И, не слушая книжника, Ибн Халдун привычно сбросил туфли на прежнем месте и вошёл внутрь храма.
Уже не было там той благочестивой полутьмы.
В длинных чёрных рясах, а другие в белых, монахи, разнося язычки огня на тонких, как стебельки, свечках, зажигали лампады, свисавшие над позлащённой ракой Крестителя среди тонких витых столбиков.
Теперь, когда фитиль за фитилём загорался от быстрых язычков огня, становились видны свисавшие на тонких цепях бесчисленные лампады. Большие, маленькие, каждая из них вышла от искусного мастера — одни вставленные в золото, выкованное, как тончайшее кружево, другие тяжёлые, словно это подвесили опрокинутый шлем, и огонь пылал в них гневными языками, третьи, круглые, как кубки, украшенные какими-то изображениями, может быть, древними, языческими и совсем неуместными здесь. Это были дары верующих, приношения молящихся, драгоценные и порой содержавшие смысл, понятный только жертвователю.
Теперь, когда одна за другой вспыхивали они над этим священным местом, казалось, разгорается золотое сияние, подобное неугасимому нимбу.
Может быть, рассвет уже заглядывал в узкие окна и озлащал стены, а на стенах — непостижимый, ещё неведомый Ибн Халдуну мир, воплощённый в мозаиках.
От рассвета ли, от света ли лампад вдруг так расширилось всё это здание и оказалось как бы открытой пространной площадью, откуда во все стороны были видны сады, строения, и дворцы в садах, и дороги между деревьями, и плоды, и птицы, и небо, и облака.

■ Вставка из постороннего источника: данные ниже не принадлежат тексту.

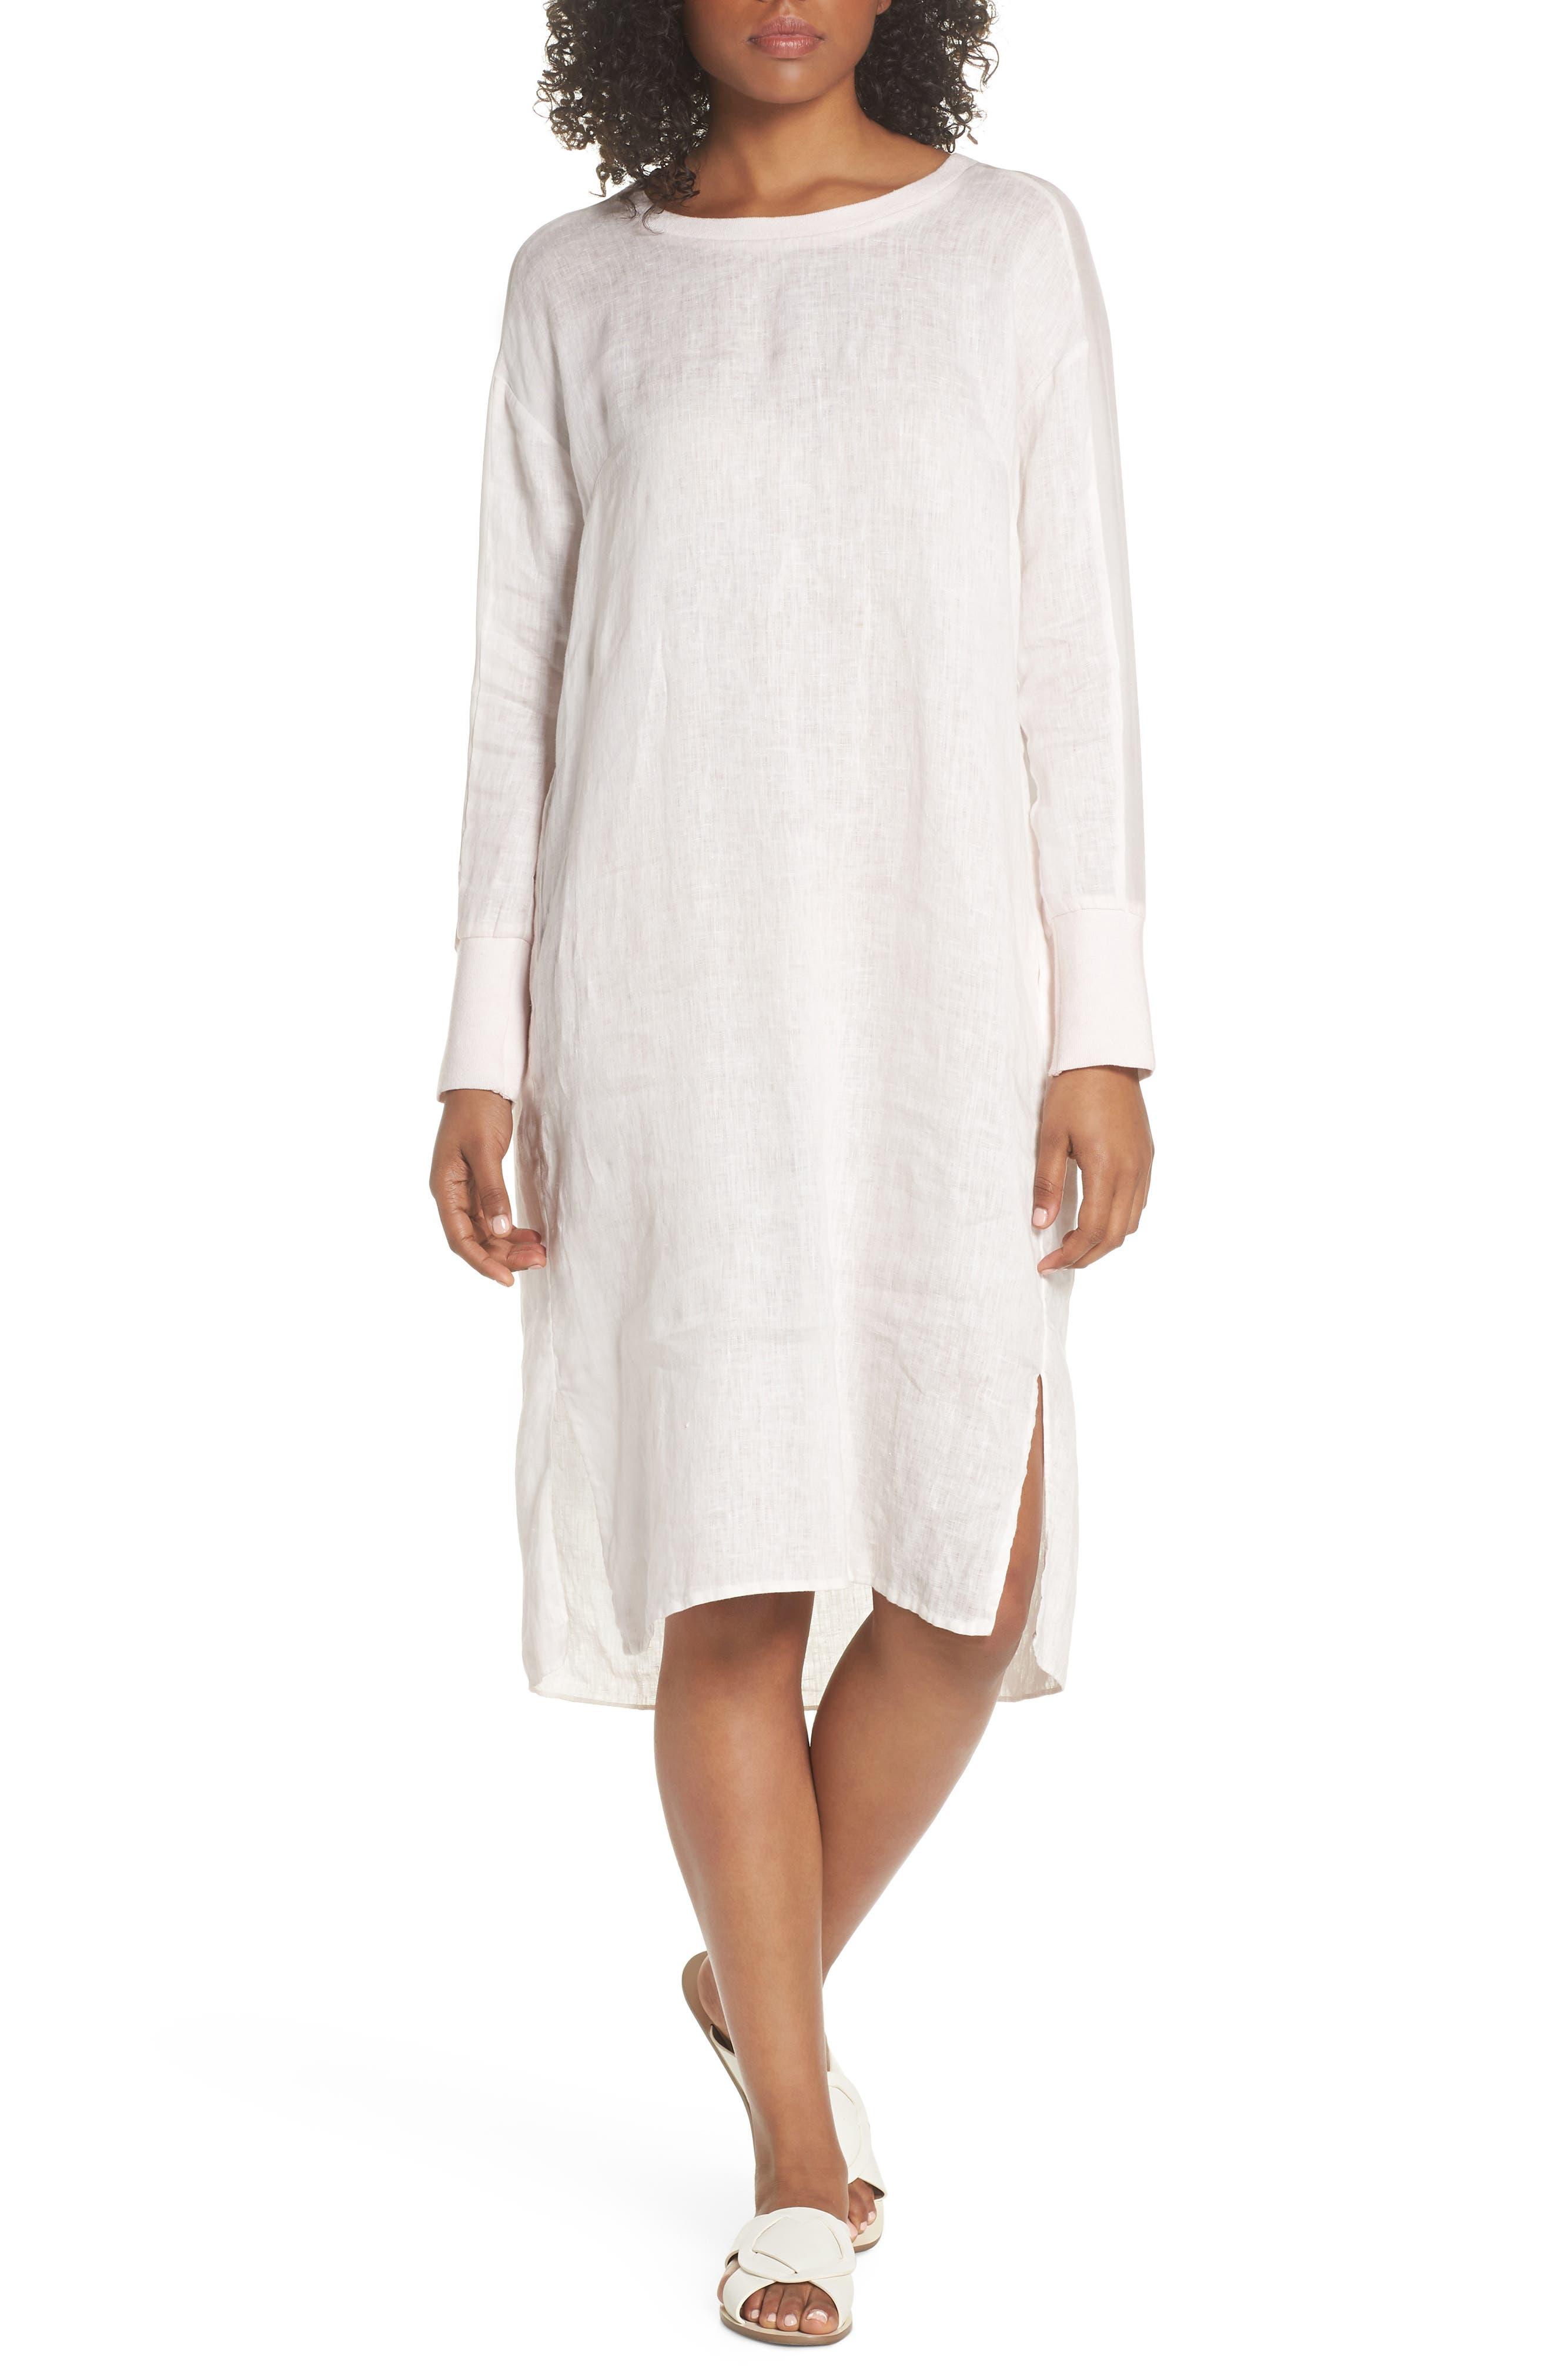 Rata Linen Shift Dress,                             Alternate thumbnail 6, color,                             680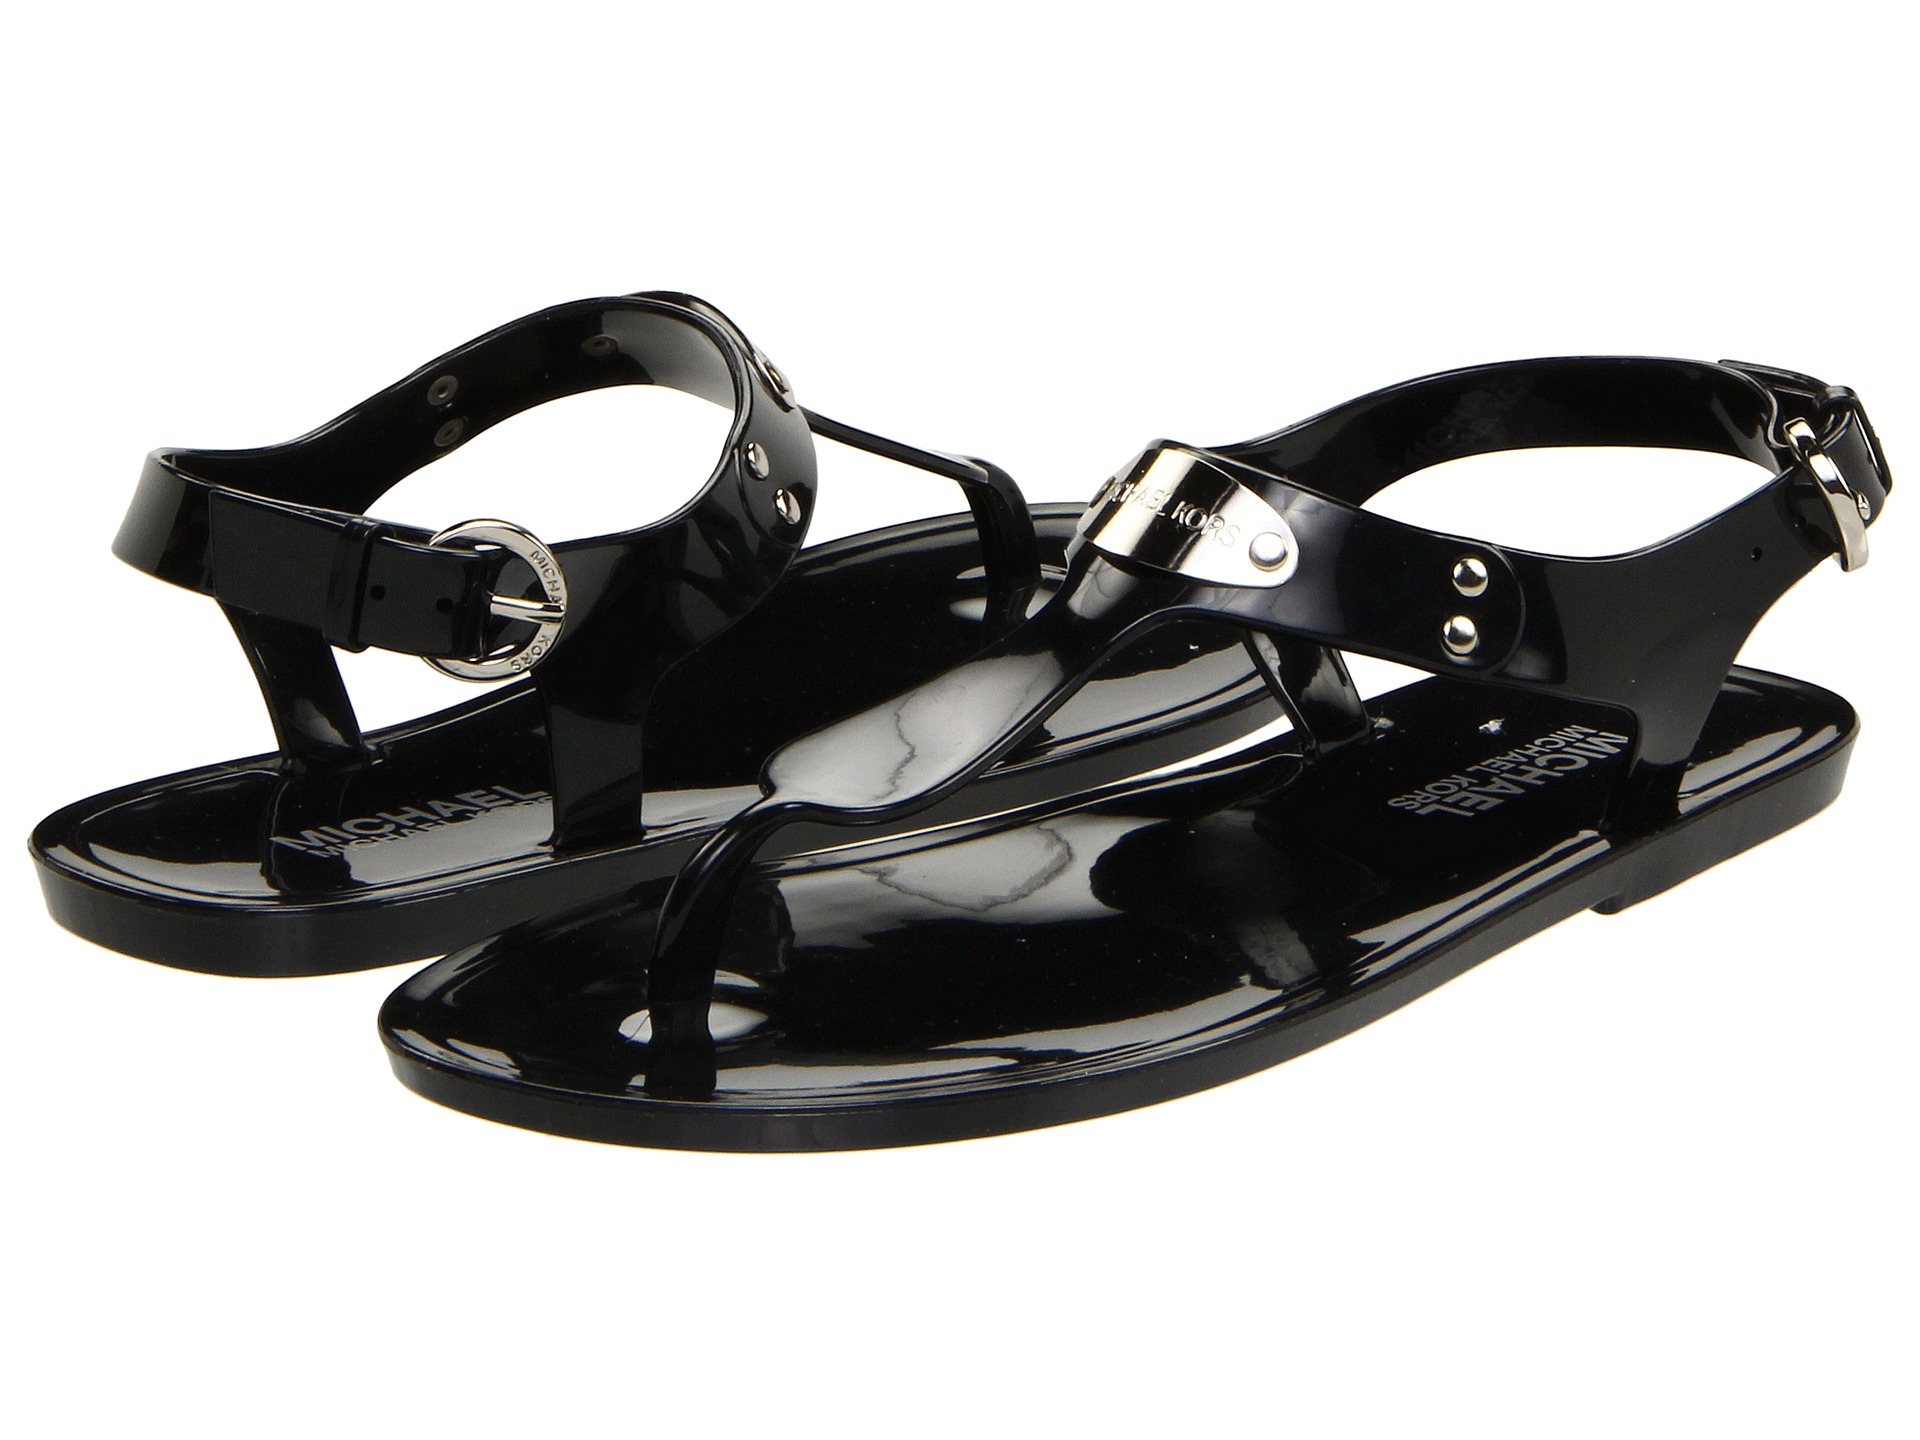 Black sandals michael kors - Michael Michael Kors Mk Plate Jelly Zappos Com Free Shipping Both Ways

Всё нежно-голубое и слегка позлащённое, как само это утро в этом городе, откуда каждый человек виден богу.
Всего только мозаика на стенах, только мелкие камушки, вкрапленные в тяжёлые камни стен, но это был необъятный мир, наполненный воздухом, ветрами, всей той высотой, какая может охватить и вместить всю вселенную, со всем человечеством, со всеми птицами, со всеми плодами, со всем тем, что было нашим миром, нашей жизнью, ибо всё, чем были мы сами и чем мы владели, здесь имело объём — ведь только небо не имеет объёма, и это передал мастер, крошечные камушки смальты втискивая ряд за рядом в вязкую известь на стене.
Так свет лампад, пылавших над ракой Иоанна Крестителя, вырвал из тьмы простор, охвативший и властно вознёсший Ибн Халдуна.
Когда же запел хор, в незнакомом складе гимнов зазвучали голоса, напоминавшие древнее, идущее от незапамятных времён общечеловеческое томление.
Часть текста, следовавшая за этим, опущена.